Дмитрий колебался.
— Вначале… он был ко мне добр, не делал ничего особенного. А когда он начал меня трогать, это было настолько не похоже на прежнее жестокое отношение, что я принял его поведение за искреннюю привязанность. Он говорил, что всех мальчиков в моём возрасте целуют и гладят их опекуны.
Под одеялом у меня сжались кулаки.
— Максим чувствовал, что что-то не так. Он спросил, не обижает ли меня Орлов, и я честно ответил, что нет, потому что тот никогда не делал мне больно. Он бы скорее умер, чем причинил боль своему «сладкому мальчику». — Дмитрий содрогнулся от омерзения.
Я сглотнула ком в горле и представила, как Орлов горит на костре из покрышек.
— А потом он принялся увольнять прислугу, ещё сильнее изолируя нас. В то же время он вынуждал меня делать то, на что я никак не мог согласиться. Тогда он пригрозил убить Максима. Я, наконец, понял, что представляет собой Орлов. Он внушил мне такую злость и отвращение к себе, что мой разум и мысли начали от него отстраняться. Иногда я отключался надолго.
— Как это обнаружил Максим?
— В канун Рождества брат пробрался в мою комнату, чтобы положить подарки, но меня там не было. Он нашёл меня в постели Орлова.
О, боже.
— Тогда Орлов его избил? Потому что брат попытался тебя защитить?
Дмитрий кивнул.
— Орлов исполосовал его спину и на несколько месяцев запер в подвале.
Я даже и не подозревала об ужасном прошлом Максима. Сейчас он выглядел уверенным человеком, который находится в мире с собой и с Люсией.
— Как же вы сбежали? Орлова взяли под стражу?
— Нет, он… умер. За нас стала отвечать пожилая женщина, но заботился обо мне Максим, и мне стало лучше. Так, по крайней мере, казалось до подросткового возраста. — Он потёр ладонью лицо. — Чувствуя сексуальное удовольствие, я начинал отключаться. Я сопротивлялся всеми силами, но не мог ничего поделать. После секса я ничего не помнил. Это делало бессмысленным сам акт, и с каждым разом уплывать становилось всё легче.
Теперь я лучше понимала то, что случилось в нашу первую брачную ночь. Он боялся, что потеряет контроль.
— Ты обращался за помощью?
Он оскалился.
— Я перепробовал всё. Любую существующую терапию. Годами я изучал суть своей проблемы и как мне с этим жить, но диссоциации продолжались. Каждый день я чувствовал себя обворованным; каждый день я вспоминал, что ущербен. С прошлым я бы мог разобраться, но настоящее всякий раз добавляло свежую боль.
Я даже представить не могла, что это значит — десятилетиями жить с открытой раной.
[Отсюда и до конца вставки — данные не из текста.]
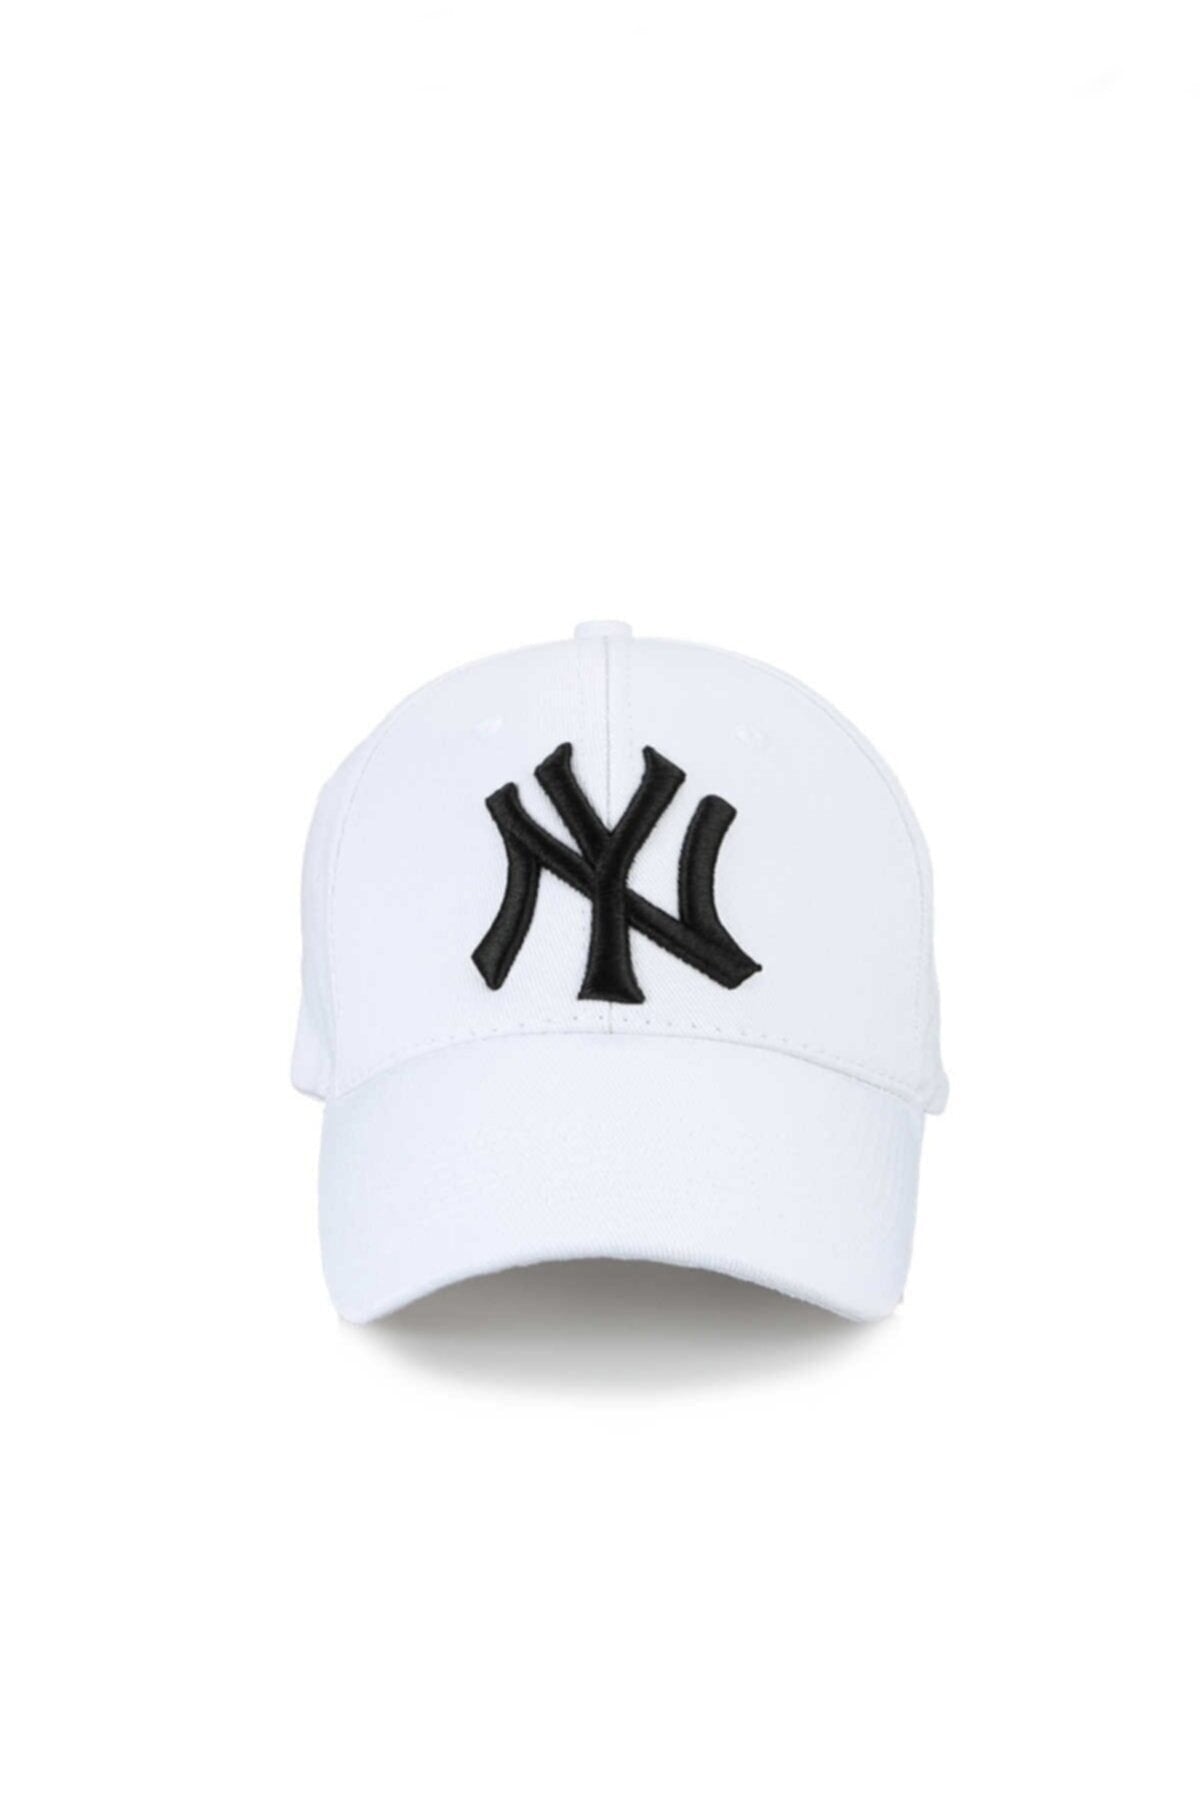 Ny New York 2 Pack Unisex Hat
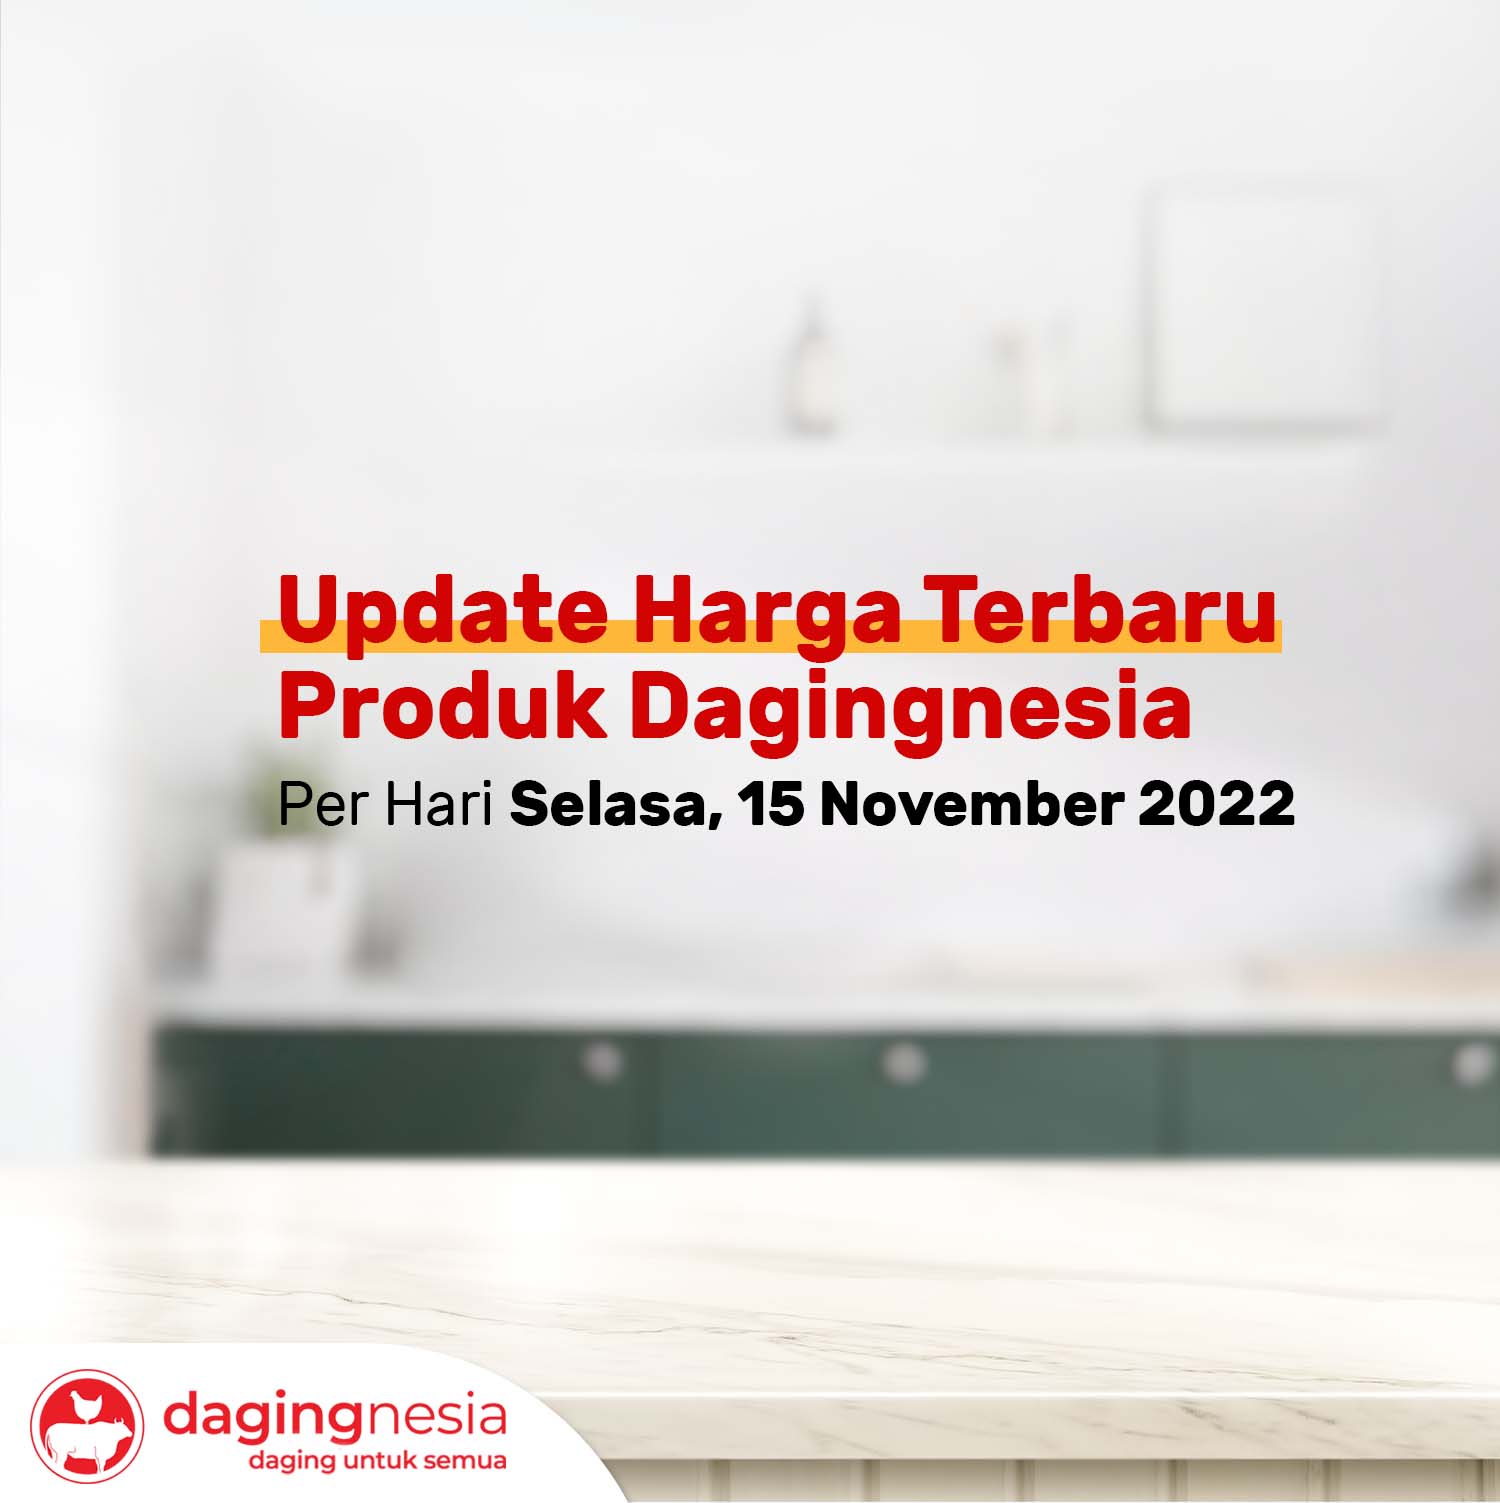 Update Pricelist Dagingnesia – 15 November 2022

— Рассуждая логически, я пришёл к выводу, что однажды я уже не вернусь. Мне было двадцать пять, когда я решил, что не смогу быть ни с кем в отношениях. А значит, Орлов на мне оставил свой знак, именно он смеялся последним. Это меня просто взбесило. Много лет я не чувствовал ничего, кроме гнева. В каком-то роде я был невольно ему верен, и придумал, как сбросить проклятие этого монстра навсегда, — он потёр шрам.
Самоубийство. Кульминация ужаса, жестокости и боли.
— После того, как Максим вмешался, он заставил меня лечь в клинику. Врач предложил таблетки, которые помогали бы мне оставаться в реальности, однако у них был один побочный эффект. Они убивали либидо. У меня был выбор. Вменяемость и воздержание или безумие и секс. Таблетки и отсутствие секса позволили мне сконцентрироваться на работе. Таким образом я прожил несколько лет.
— Когда последний раз ты был с кем-то до меня?
— Довольно давно.
Я видела, как он не хотел распространяться на эту тему.
— Насколько давно?
— Прошло несколько лет.
— Сколько именно?
Он расправил плечи.
— Я полностью воздерживался восемь лет.
Я ничем не выдала изумления. Это многое объясняло в его поведении, начиная от нашего первого вечера… удивление на его лице, когда он изучал моё тело в туалете пентхауса.
Не говоря уж о том, с каким странным энтузиазмом его родные восприняли его интерес ко мне.
— Большую часть времени я работал, — сказал он, как бы оправдываясь. — И я страдал не в одиночку; Максим воевал с собственными призраками. Его спина была покрыта шрамами, и после того, что он вытерпел в том подвале, он не выносил чужих прикосновений.
Неудивительно, что самые длительные отношения у Максима длились всего час.
— Брат был покрыт шрамами снаружи так же, как я — изнутри. Я решил, что мы оба останемся такими навсегда, не желая иметь ничего общего с Алексом, вдвоём несущие эту ношу.